NovelToon NovelToon
My Sweet Enemy

My Sweet Enemy

Status: tamat
Genre:Kehidupan di Sekolah/Kampus / One Night Stand / Playboy / Cinta Seiring Waktu / Tamat
Popularitas:58k
Nilai: 5
Nama Author: Rey

"Apa yang terjadi dengan kamu dan cucuku adalah hal yang tidak bisa dianggap sepele. Kalian berdua harus segera menikah."

"Tapi, Nek. aku tidak mau menikah dengan cucu nenek yang playboy itu."

"Bagaimana jika kamu hamil anak dari cucuku karena kejadian malam itu?"

Lana tidak bisa berkata apa-apa. Kejadian satu malam yang terjadi antara dirinya dan Noah membuat dua orang yang saling membenci itu harus hidup dalam satu ikatan pernikahan.

Lana yang sangat membenci Noah karena sepak terjang Noah yang seorang playboy selama ini. Pun dengan Noah yang menganggap Lana bukan gadis yang benar karena pernah melihat Lana menerima uang dari pria paruh baya.

Pernikahan yang seharusnya adalah hal yang bahagia bagi pasangan kekasih, tapi tidak bagi mereka.

Bagaimana mereka akan menjalaninya? Dan apakah mereka akan menemukan arti sesungguhnya dari suatu hal yang sakral, yaitu pernikahan?

Selamat membaca dan semoga jatuh cinta sama ceritaku.

IG : rinitri_87

Karya ini diterbitkan atas izin NovelToon Rey, isi konten hanyalah pandangan pribadi pembuatnya, tidak mewakili NovelToon sendiri

Menjadi Perawat Untuk Suami part 1

Lana duduk di depan Noah dengan kotak P3Knya. Jujur saja Lana ini sangat kesal pada Noah, tapi mengingat ada sedikit kebaikan dari pria itu, apa lagi teringat dengan nenek Key, Lana pun merasa kasihan pada Noah.

"Sini, aku bersihkan luka kamu!" Lana memalingkan wajah Noah ke arahnya dengan kasar.

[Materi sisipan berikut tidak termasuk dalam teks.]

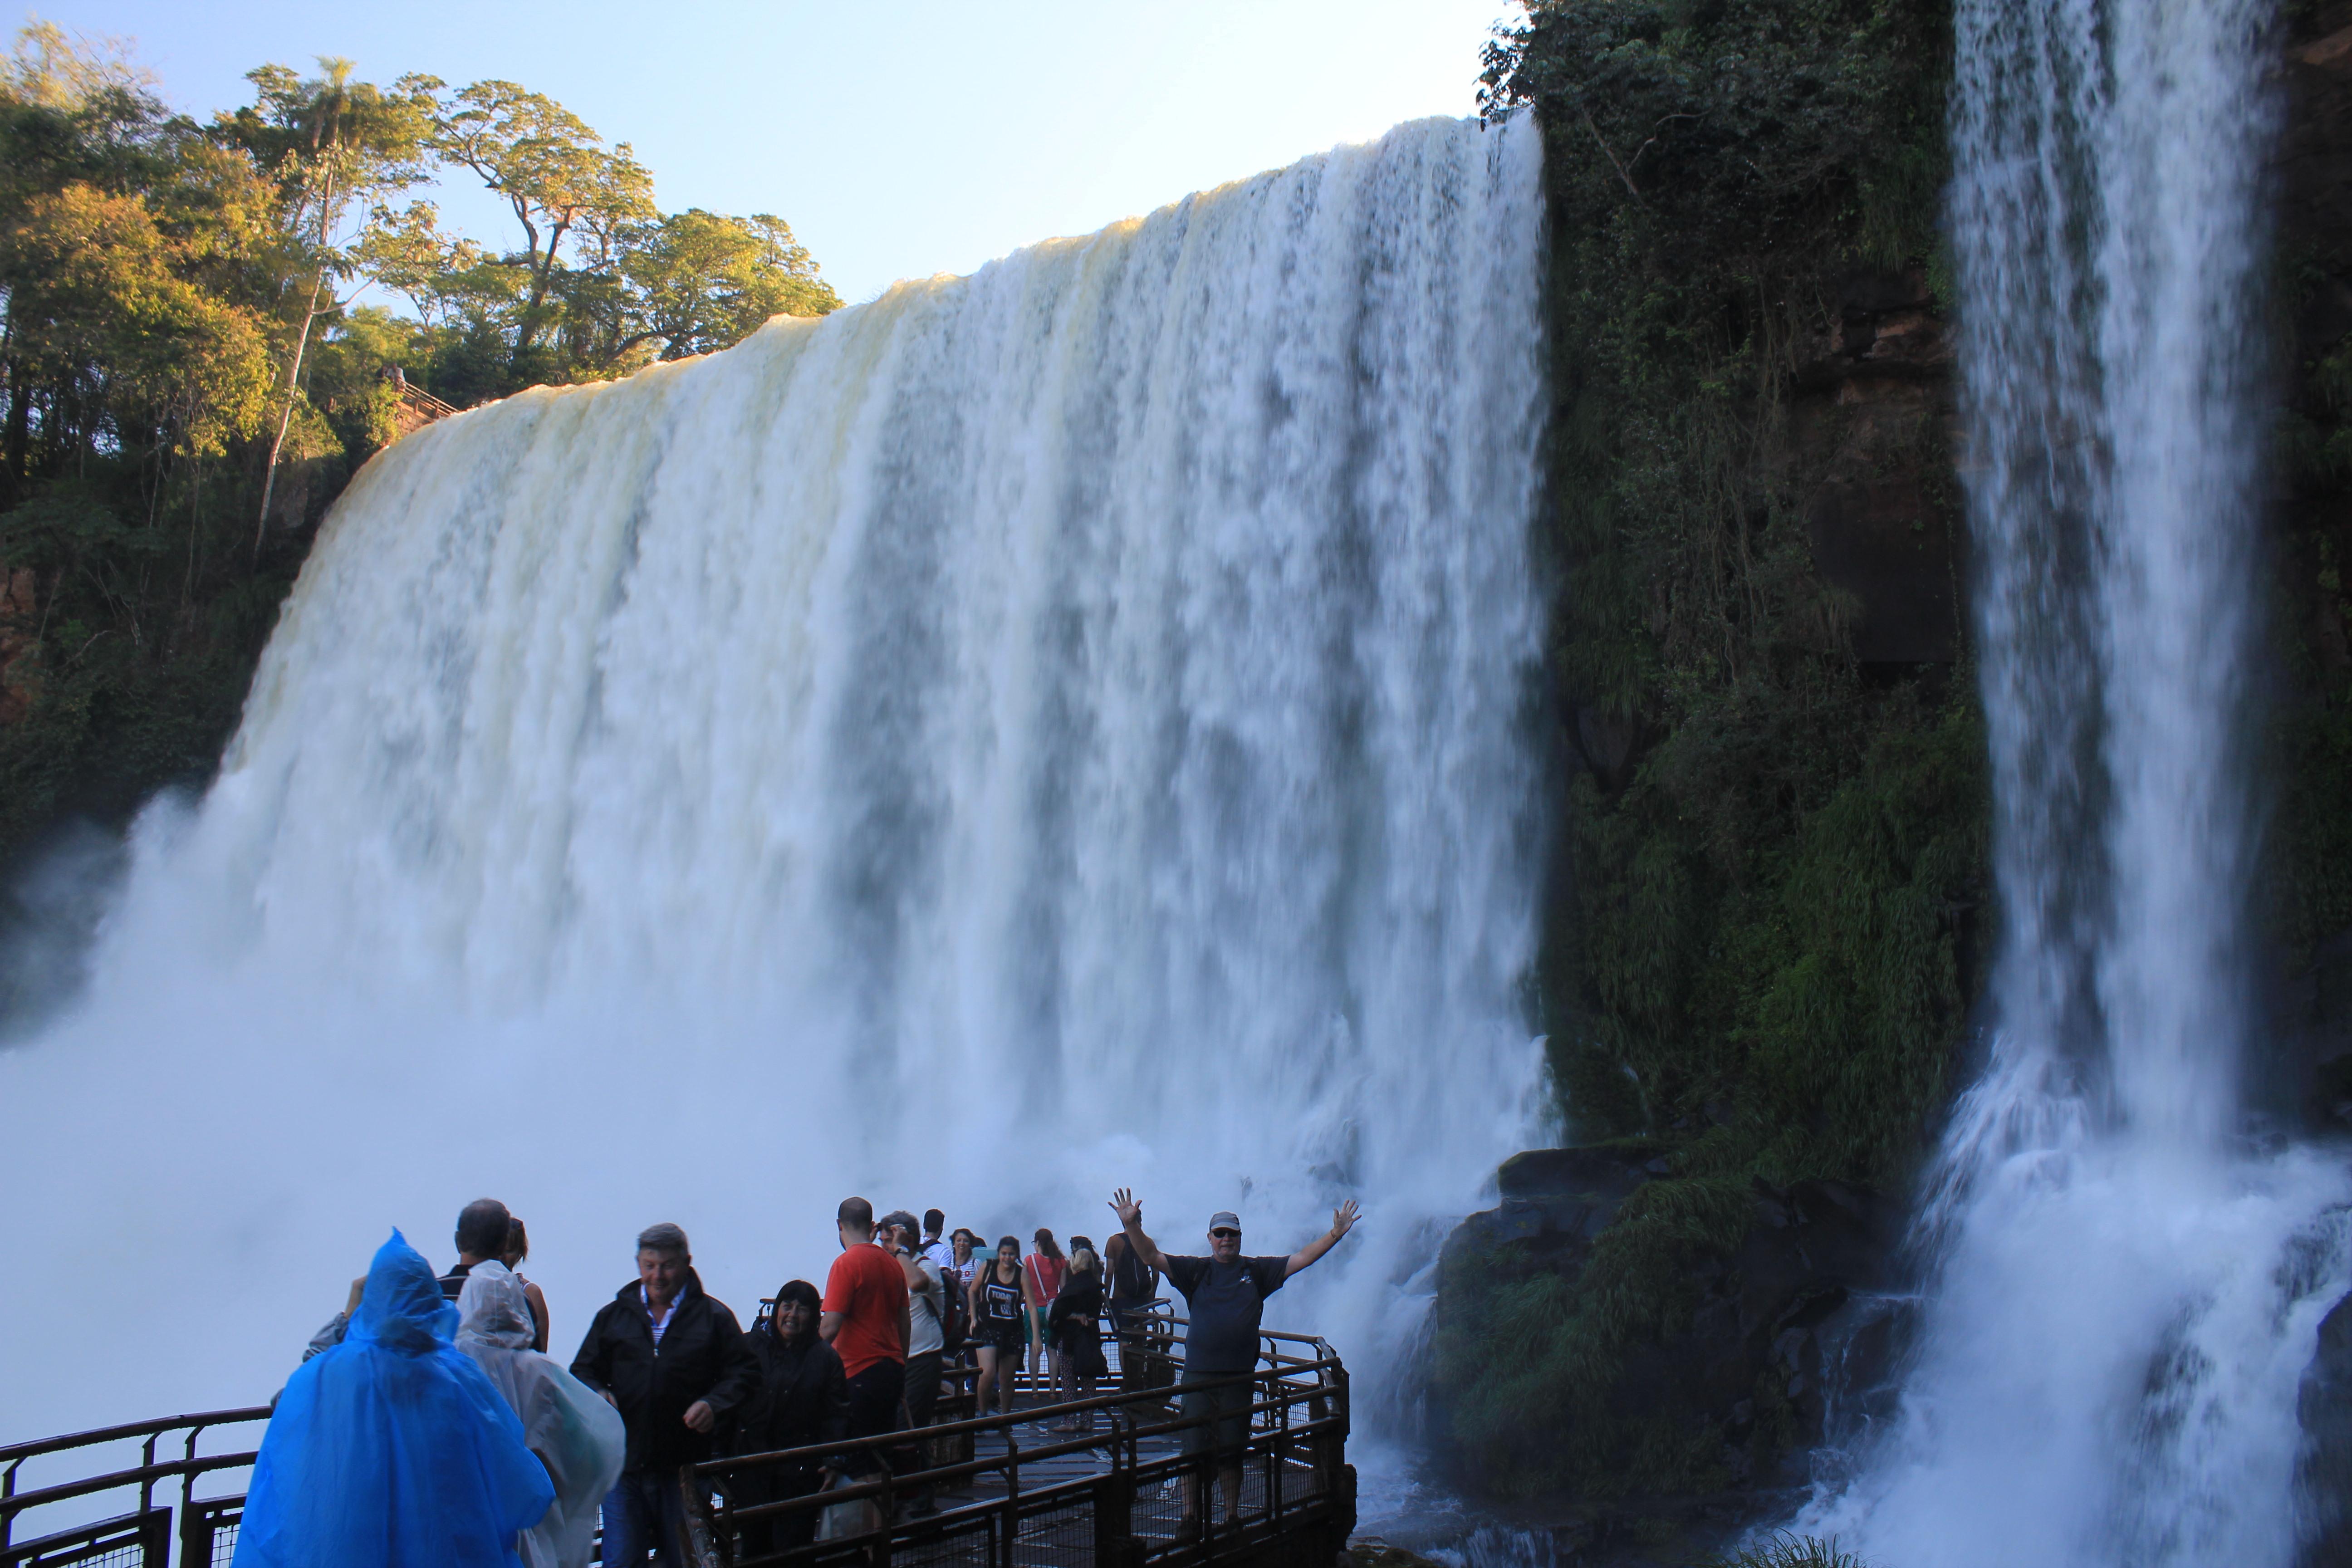 img_7606 Incredible Iguazú Falls Argentina

"Sakit Singa Betina!" seru Noah kesal.

"Salah sendiri. Kenapa kamu pakai berantem sama orang? Pasti gara-gara wanita." Lana mengoleskan cairan yang dituang di kapas dan ditempelkan perlahan pada luka Noah agar memarnya hilang.

"Jangan banyak bicara, obati saja kalau mau membantu," ucap Noah kesal.

"Bagaimana kalau sampai nenek melihat ini? Nenek akan semakin marah sama kamu."

"Bukan aku yang mencari gara-gara, tapi mereka duluan. Aku juga sebenarnya malas berurusan dengan adik kakak itu, tapi kenapa selalu bertemu mereka. Shit!"

Lana masih sibuk mengoleskan obat itu. Wajah Lana semakin mendekat pada Noah karena melihat tepi bibir Noah yang sedikit sobek. "Ini sobek, Noah. Kamu tahan sebentar karena pasti perih."

"Hem!" jawab Noah hanya dengan deheman.

Lana pun menempelkan perlahan pada luka yang ada pada tepi bibir Noah.

Noah tampak menatap wajah Lana yang sangat dekat. Entah kenapa dia merasa menyukai melihat wajah Lana dari dekat seperti itu.

"Lana," panggil Noah lirih.

"Apa?" jawab Lana singkat melihat pada Noah yang sangat dekat dengannya.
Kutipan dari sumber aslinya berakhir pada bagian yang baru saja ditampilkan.